Stranded assets are now generally accepted to be those assets that at some time prior to the end of their economic life (as assumed at the investment decision point), are no longer able to earn an economic return (i.e. meet the company’s internal rate of return), as a result of changes associated with the transition to a low-carbon economy (lower than anticipated demand / prices). Or, in simple terms, assets that turn out to be worth less than expected as a result of changes associated with the energy transition.
The stranded assets concept has been interpreted as encompassing a range of different factors, including:
- Economic stranding – due to a change in relative costs / prices.
- Physical stranding – due to distance / flood / drought.
- Regulatory stranding – due to a change in policy of legislation.
For existing assets, our research can highlight those assets which are most at risk of becoming stranded through the energy transition, as society looks to restrict global warming to well below 2°C, as under the Paris Agreement. There are already examples of coal mines, coal and gas power plants, and other hydrocarbon reserves which have become stranded by the low carbon transition.
Examples of stranded assets in the oil and gas industry:
- Resources – oil and gas currently in the ground awaiting production, including reserves.
- Exploration and development assets, e.g. drilling rigs / seismic vessels.
- Production and processing Facilities, e.g. processing terminals.
- Distribution infrastructure, e.g. pipelines, tankers.
For potential new investments, our research aims to prevent stranded assets arising by identifying where capital expenditure may be allocated to investments which may not yield the expected returns as the world decarbonises. Our focus is therefore on advancing the energy transition through the stewardship of capital, with the intention of preventing it being wasted.
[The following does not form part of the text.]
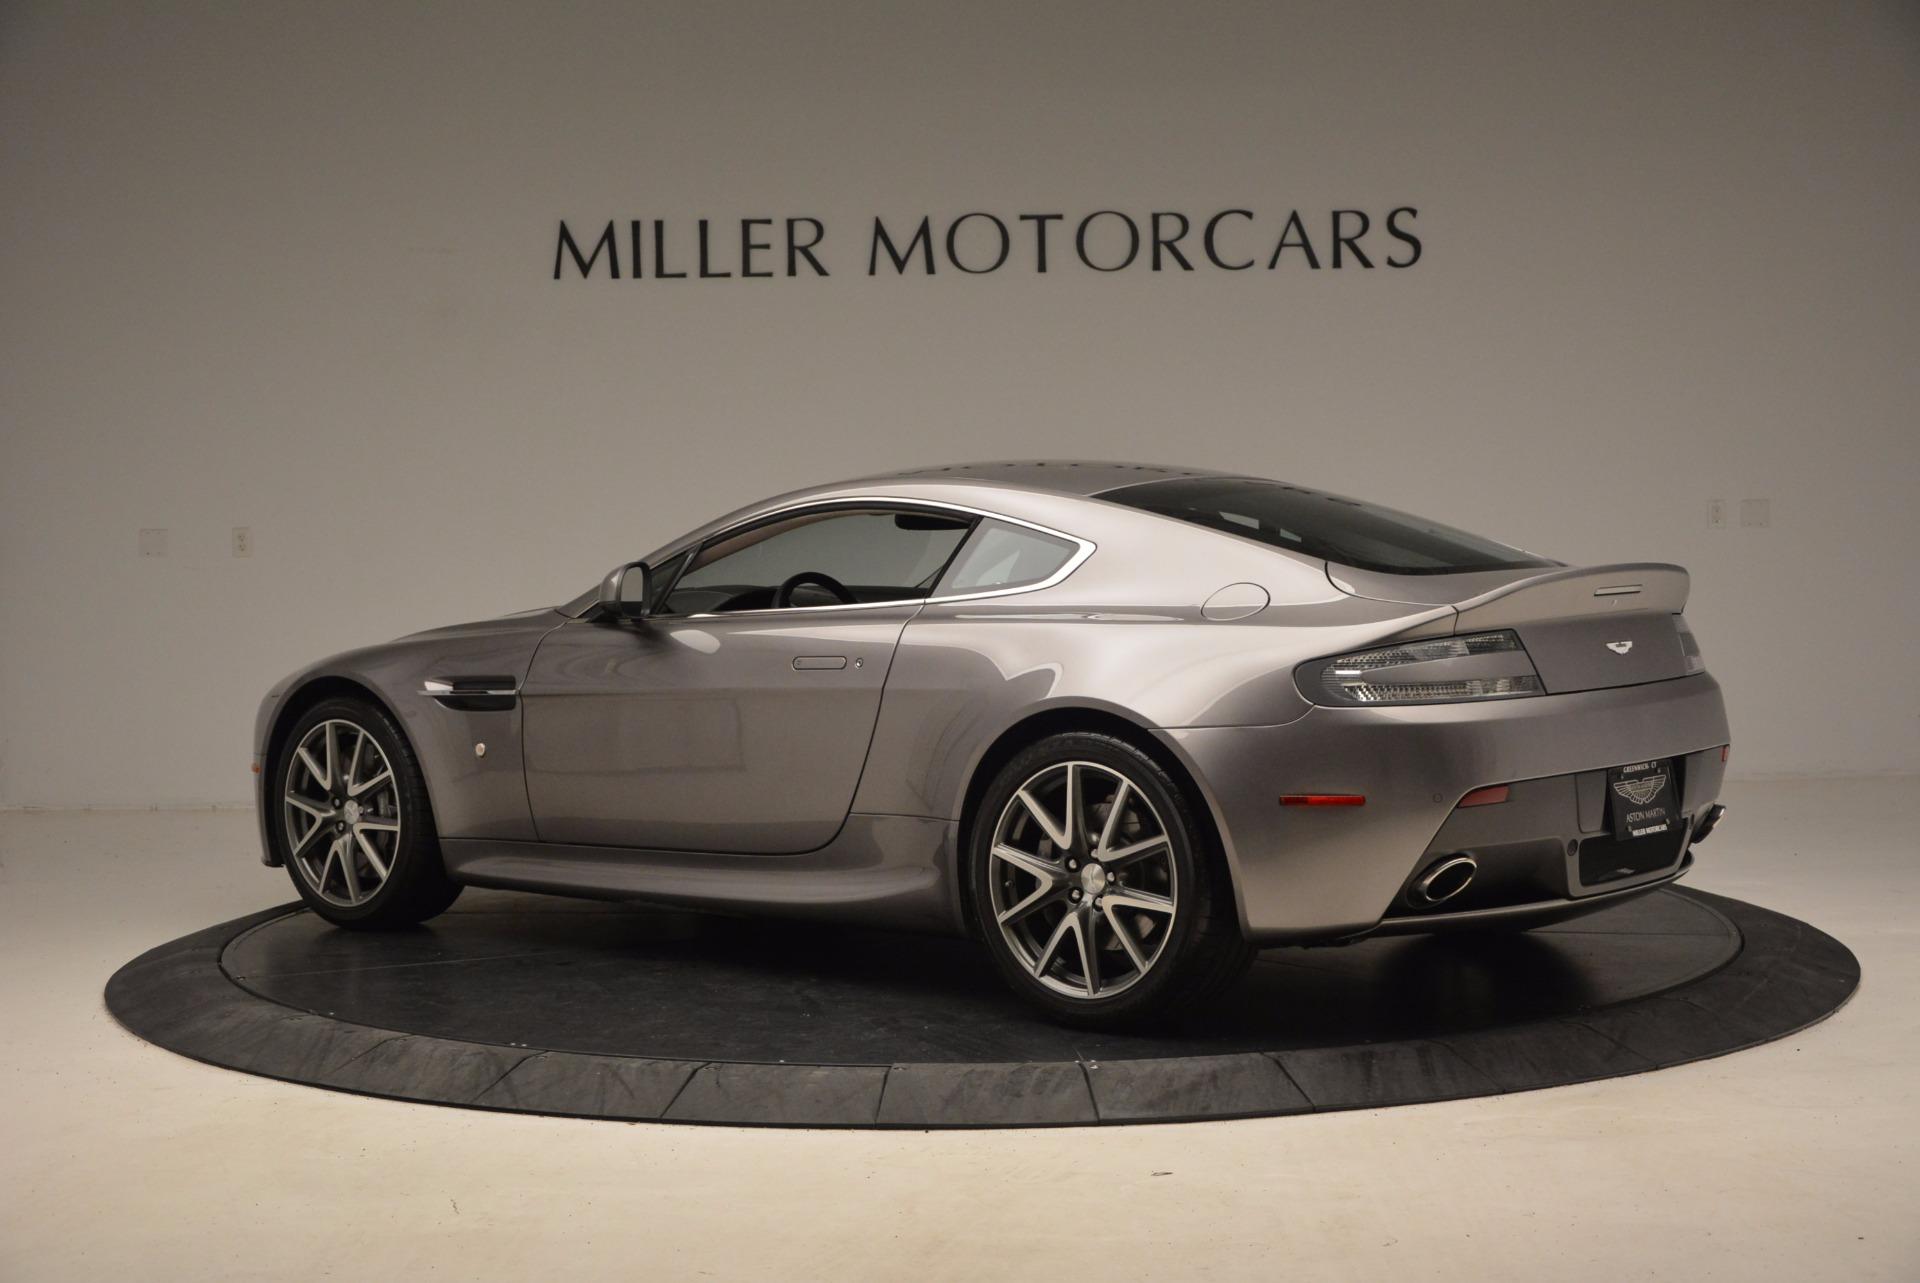 Used 2012 Aston Martin V8 Vantage  For Sale In Greenwich, CT. Alfa Romeo of Greenwich, 7263 1497_p4

Investors have recognised the value of companies considering a range of scenarios in their business planning, including a scenario of 2°C or lower, by supporting initiatives and resolutions which ask companies to report on the implications of this future for their business.
Financial regulators have also endorsed the importance of scenario analysis for assessing climate risk through the Financial Stability Board Task Force on Climate-related Financial Disclosures. Mark Carney, the FSB chair stated that a carbon budget consistent with a 2°C target “would render the vast majority of reserves ‘stranded’ — oil, gas and coal that will be literally unburnable without expensive carbon capture technology, which itself alters fossil fuel economics”.
The stranded asset concept has initiated a new programme at the Smith School of Oxford University which considers stranded assets across a range of sectors from an academic perspective. From a financial perspective, accountants have measures to deal with the impairment of assets (e.g. IAS 16) which seek to ensure that an entity’s assets are not carried at more than their recoverable amount.